**Exercise goal**
When copying the listing below, skip every picture and keep each word as it stands.

**Data segment**
====================
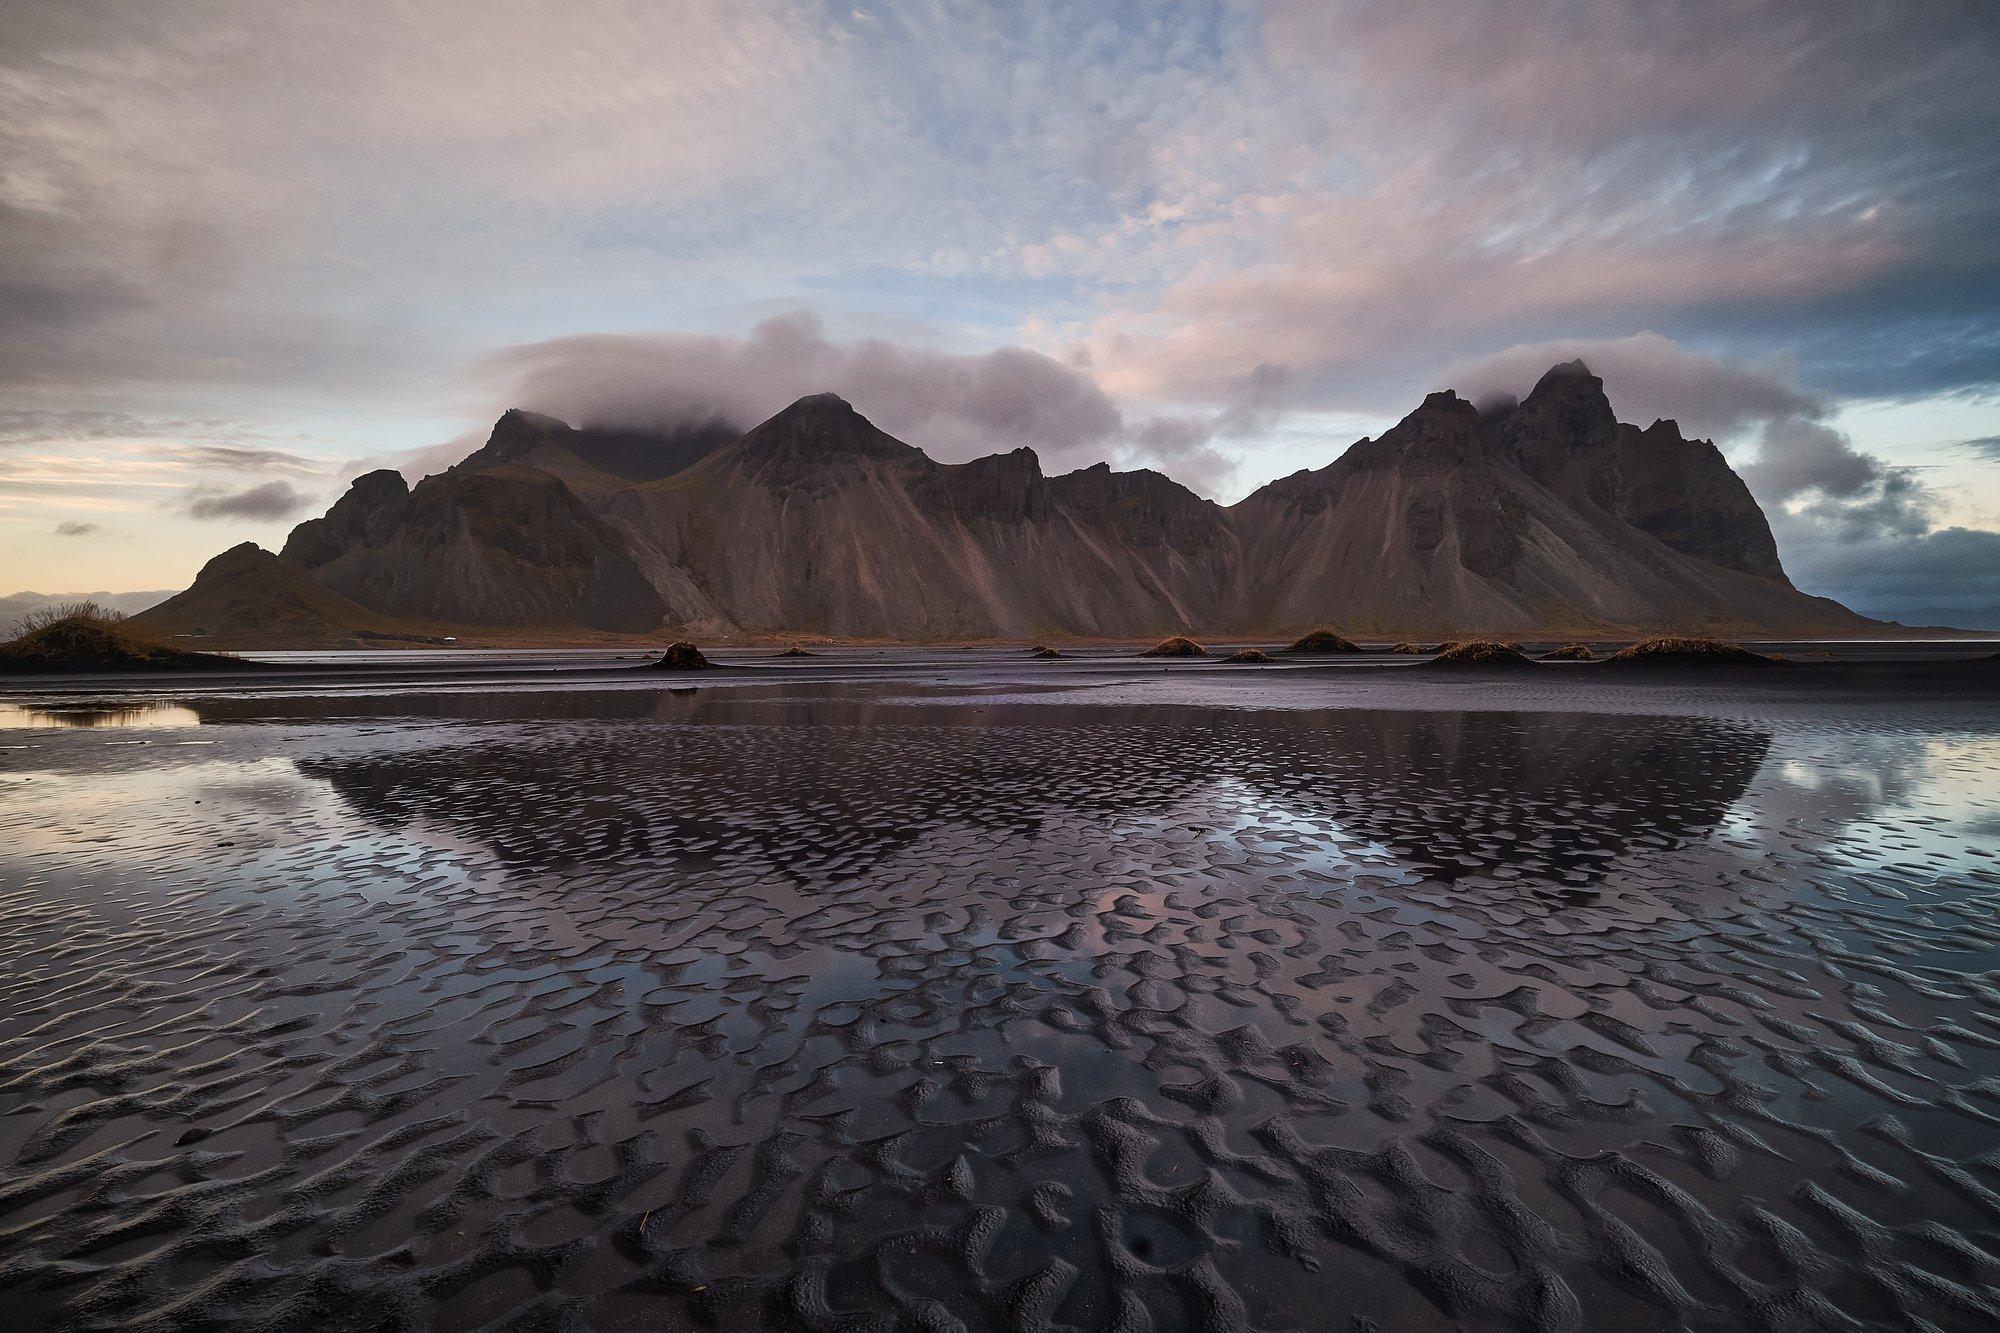 iceland,water,iceberg,ice,long,waves,coastal,cliffs,vestrahorn,mountains,stokksnes, Kobran
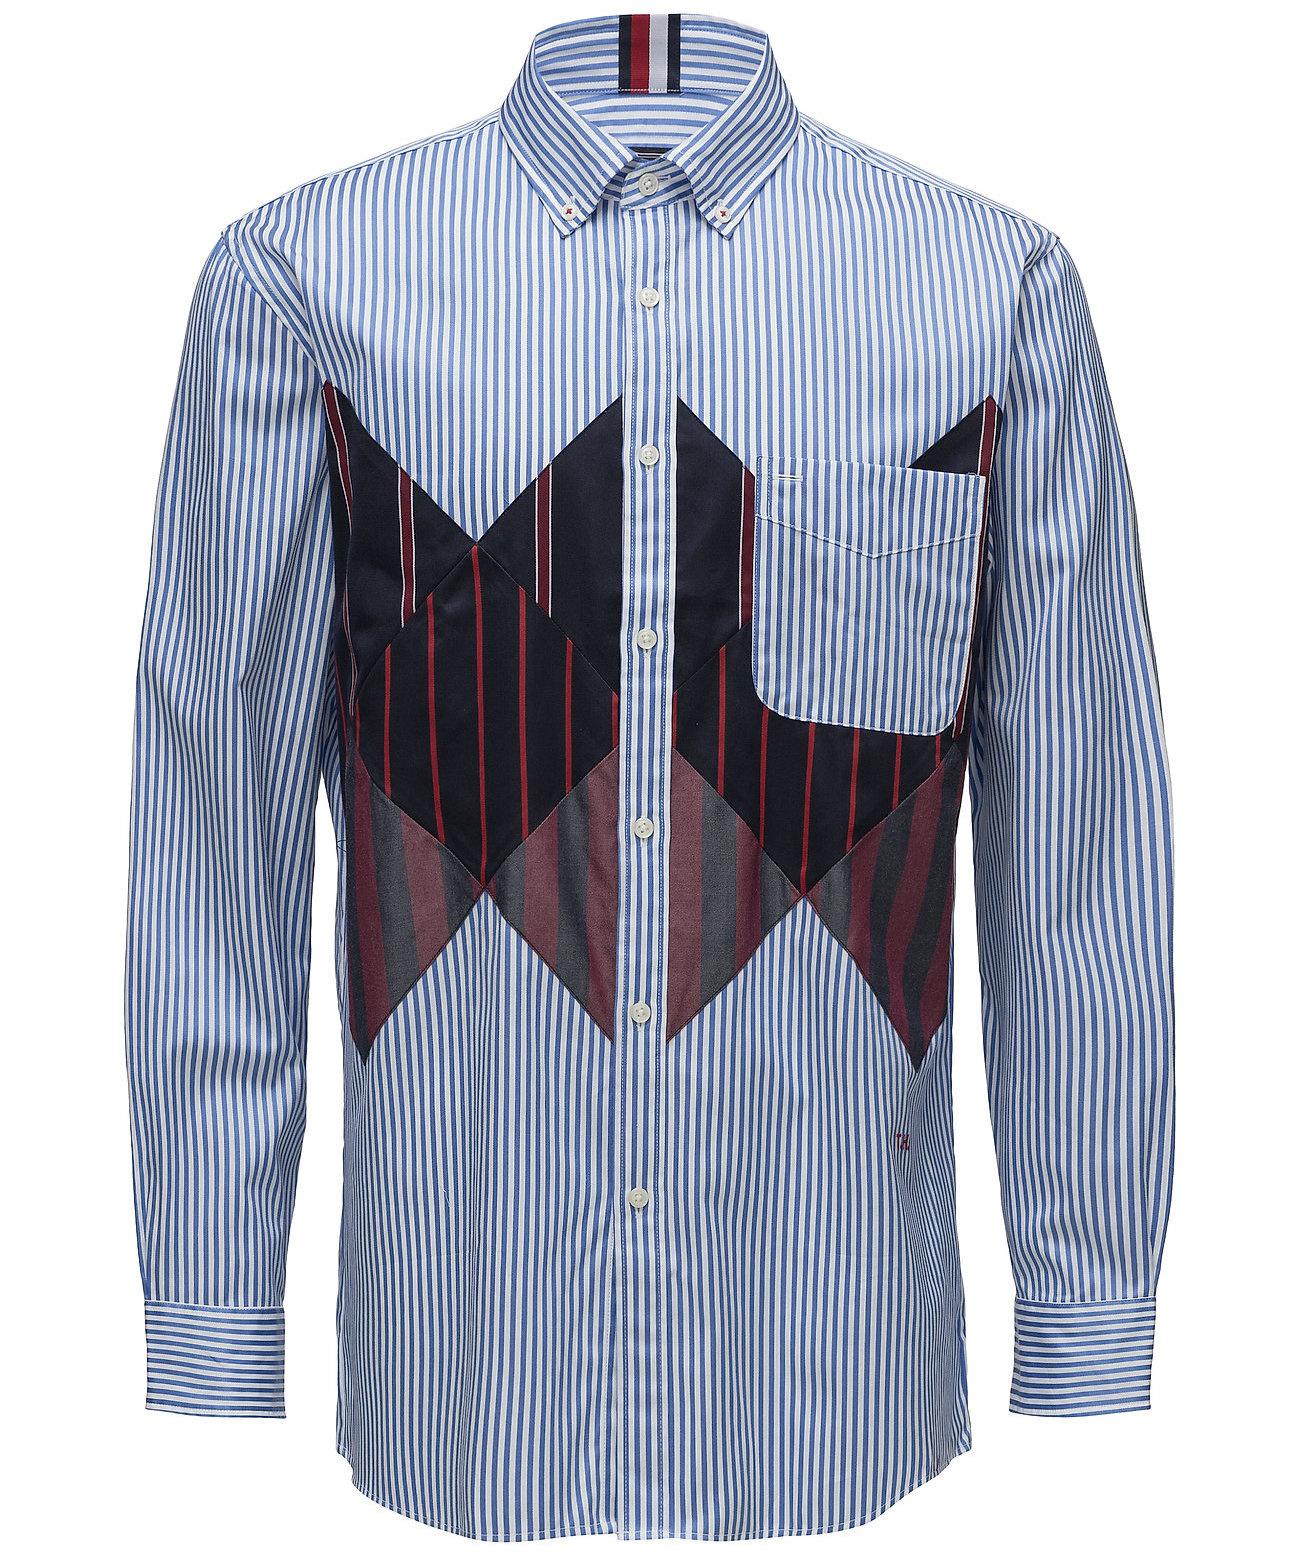 Tommy Hilfiger gestreept overhemd, blauw
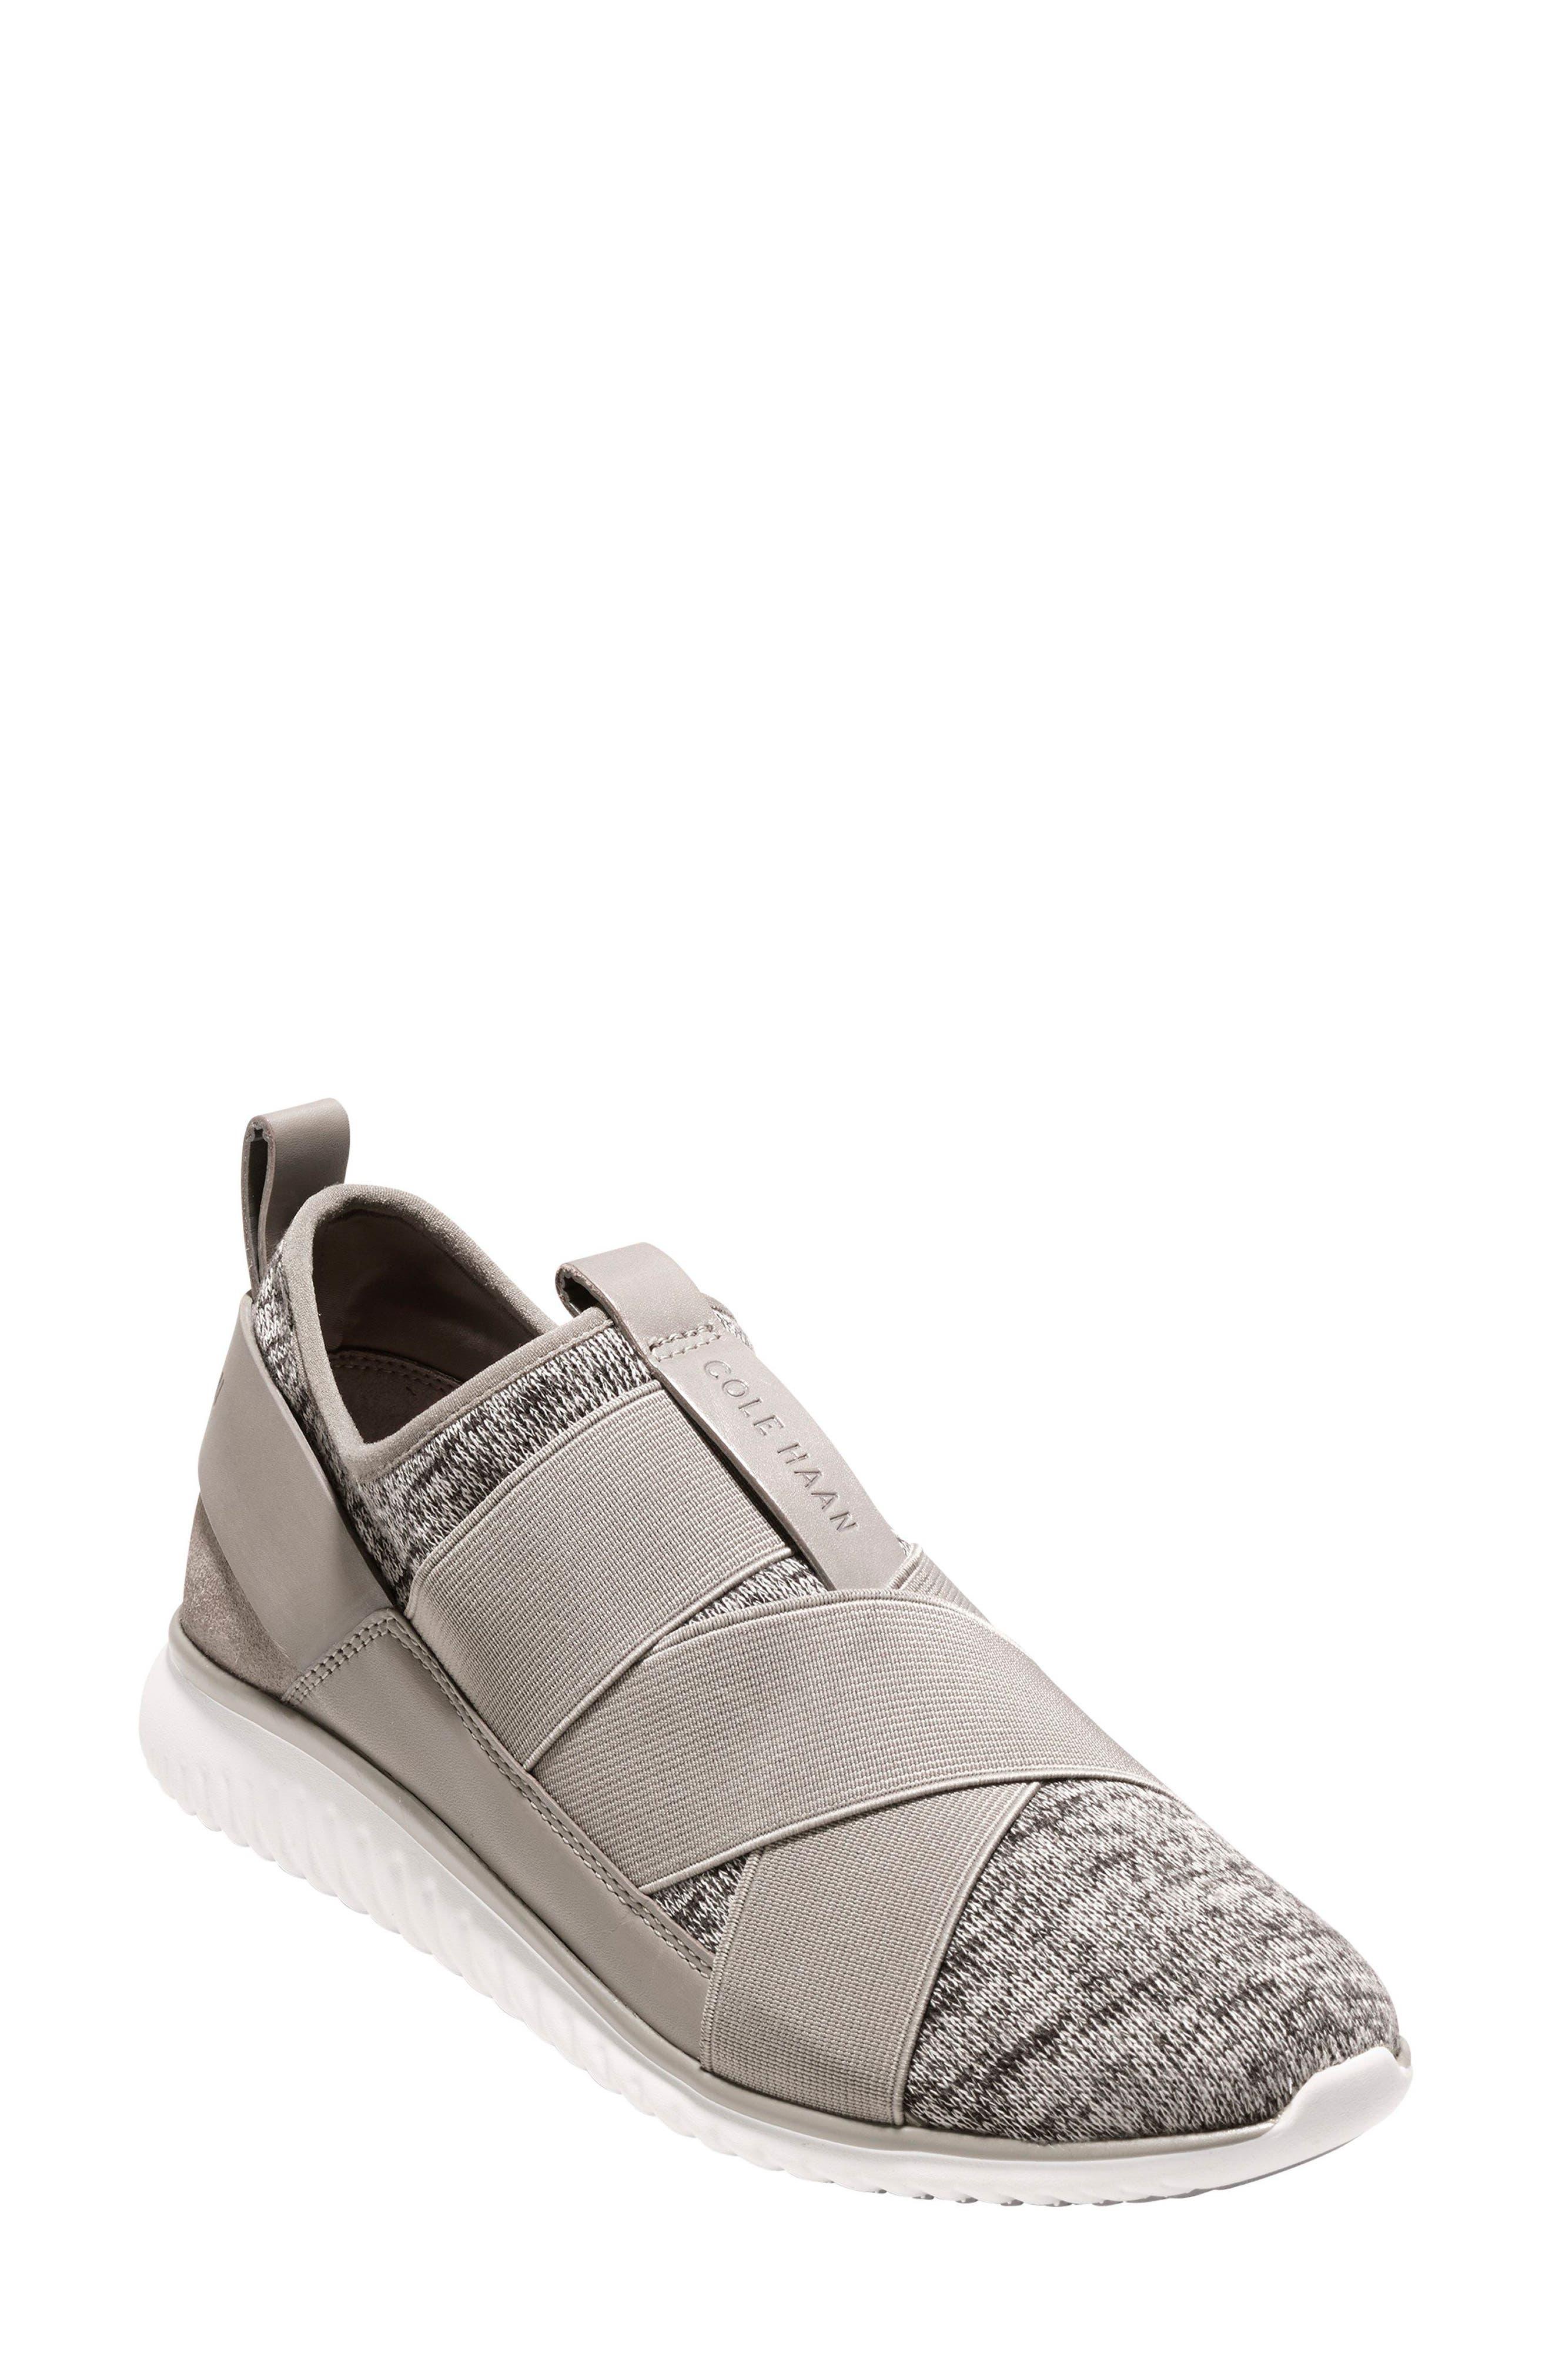 'StudioGrand' Sneaker,                             Main thumbnail 2, color,
====================
**Result of this task**
 iceland,water,iceberg,ice,long,waves,coastal,cliffs,vestrahorn,mountains,stokksnes, Kobran
 Tommy Hilfiger gestreept overhemd, blauw
 'StudioGrand' Sneaker,                             Main thumbnail 2, color,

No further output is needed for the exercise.